Development Rules

Ensure Data Accuracy When Aggregating Updated Data

When aggregating updated data, you need to select a proper solution. Otherwise, the aggregation result can be incorrect.

The following statement is an example:

Create table t1(
    id  int,
    partid int,
    value int
);
select
   partid,sum(value) 
 from t1 
 group by partid;

First batch of data: [1,1,10],[2,1,11],[3,2,8]
Aggregation result: [1,21], [2,8]
Second batch of data: [2,1,12] //Update the record whose ID is 2.
Error result: [1,33], [2,8] //Updated data (ID=2) cannot be identified.

Aggregation result: [1,22], [2,8] //The result is correct because update is identified.

There are three ways to identify whether the data is updated:

Using the state backend
The state backend stores all raw data. The new arriving data is determined as the updated data based on the status. Then, the Flink aggregation withdrawal function is used to update the aggregation result data.

Advantage: The aggregation accuracy is ensured. This solution has no requirement on data which is easy to use.

Disadvantage: When there is a large amount of data, large state backend storage is required.
Using data in CDC format
The update operation record of CDC data contains both original data and updated data. The previous aggregation result is removed based on original data, and the latest calculation result is updated based on updated data.

Advantage: Large state backend storage is not required. The overall compute resource pressure is lower than that of the state backend solution.
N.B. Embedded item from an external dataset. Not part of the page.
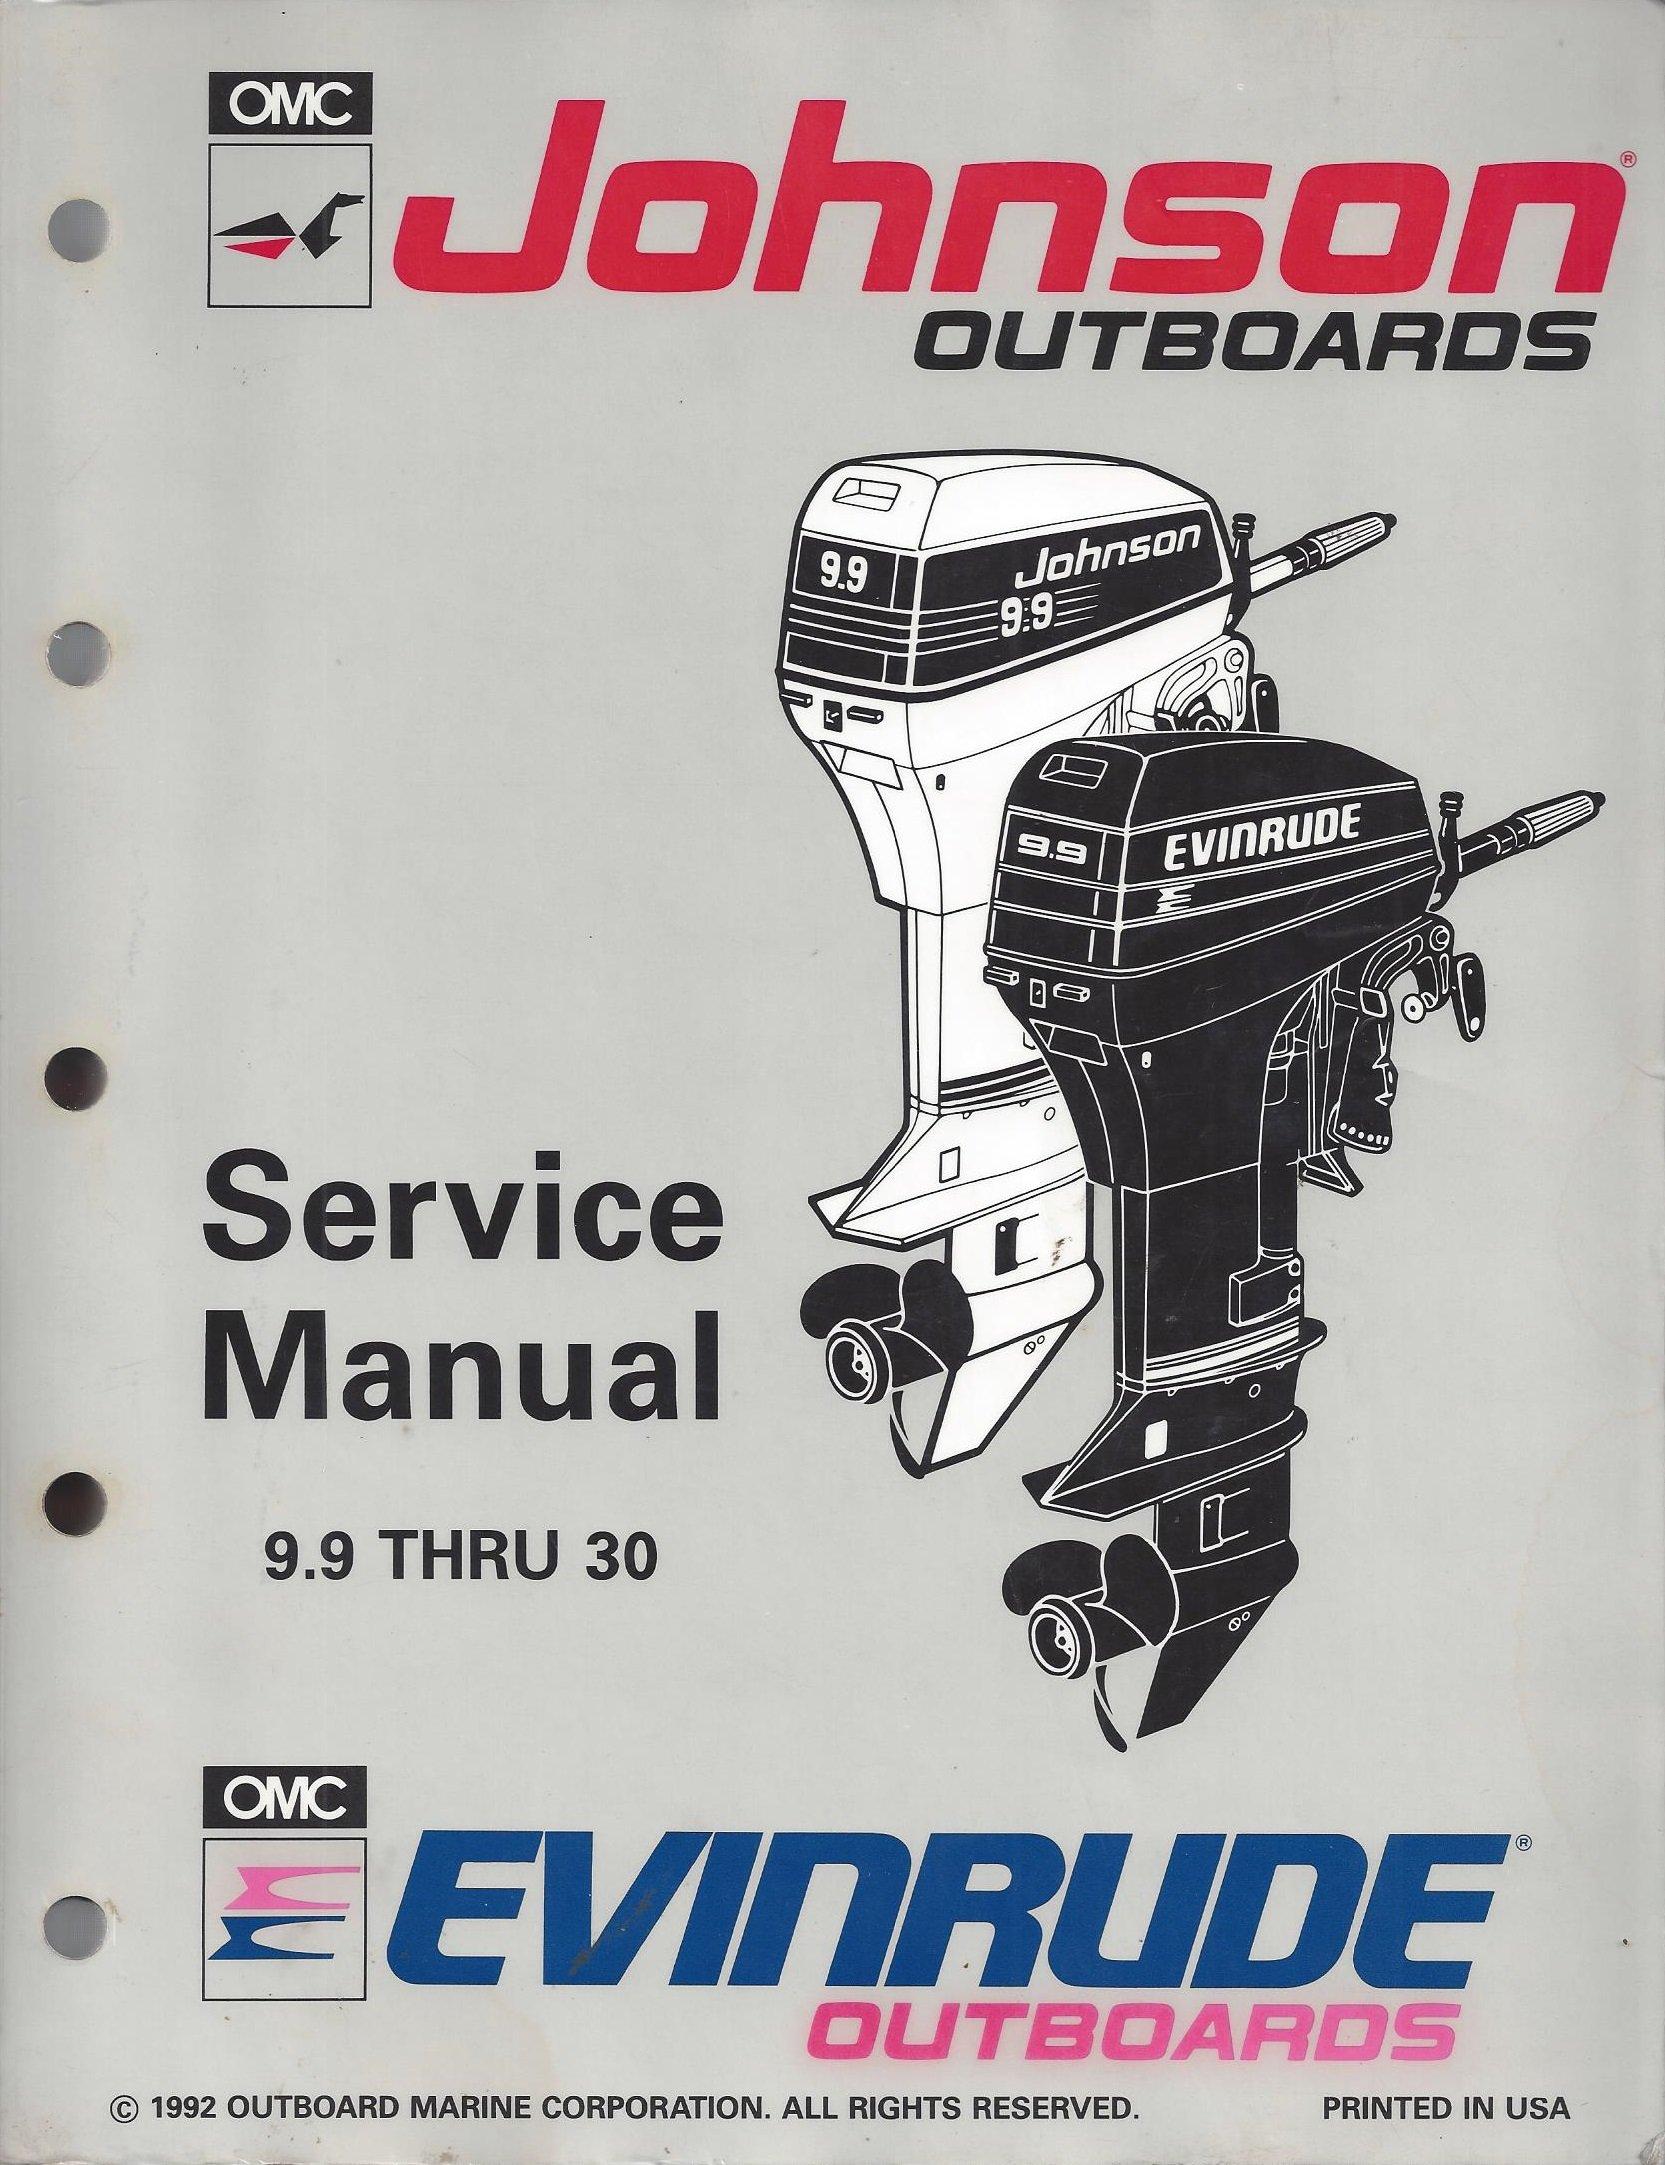 Johnson Evinrude Service Manual 9.9 thru 30 models: Outboard Marine  Corporation: Amazon.com: Books

Disadvantage: This solution depends on the CDC format. Typically, data is captured by a CDC collection tool and sent to Kafka, and then Flink reads Kafka data for calculation.
Using changelog data
The changelog format is similar to the CDC format. The only difference is that the CDC format records original and updated data in one row, and the changelog format stores updated data in two rows. One row is used to delete the original data, and the other row stores insertion operation records of updated data. Flink deletes the aggregation result based on the updated data and inserts the calculation result based on the updated data. Changelog can be implemented based on Hudi tables. Data in CDC format can be converted into changelog data and stored in the log files of Hudi MOR tables. Changelog data of Hudi can also be generated based on state backends.

Advantage: Aggregation consistency of updated data can be ensured based on data lake storage.

Disadvantage:
- Only the log file of a Hudi MOR table contains changelog data. If upstream data is stacked when Flink job calculation is delayed and the log file is cleared, changelog data will be lost. You need to retain more versions and properly configure resources for Flink jobs to make the data stacking period shorter than the clearance period.
- The generation of changelogs based on the state backend also depends on the state backend. Generally, the TTL is configured for the state backend and is not retained permanently. In this scenario, the update operation is arbitrary and there is no update period limit. For example, to update data of the last month, set TTL to a value greater than one month. To update all data, set TTL to permanent (do not do so for large tables).
- Currently, the MOR table of changelogs can only be compacted by the Flink engine. Spark engine is not available for compaction.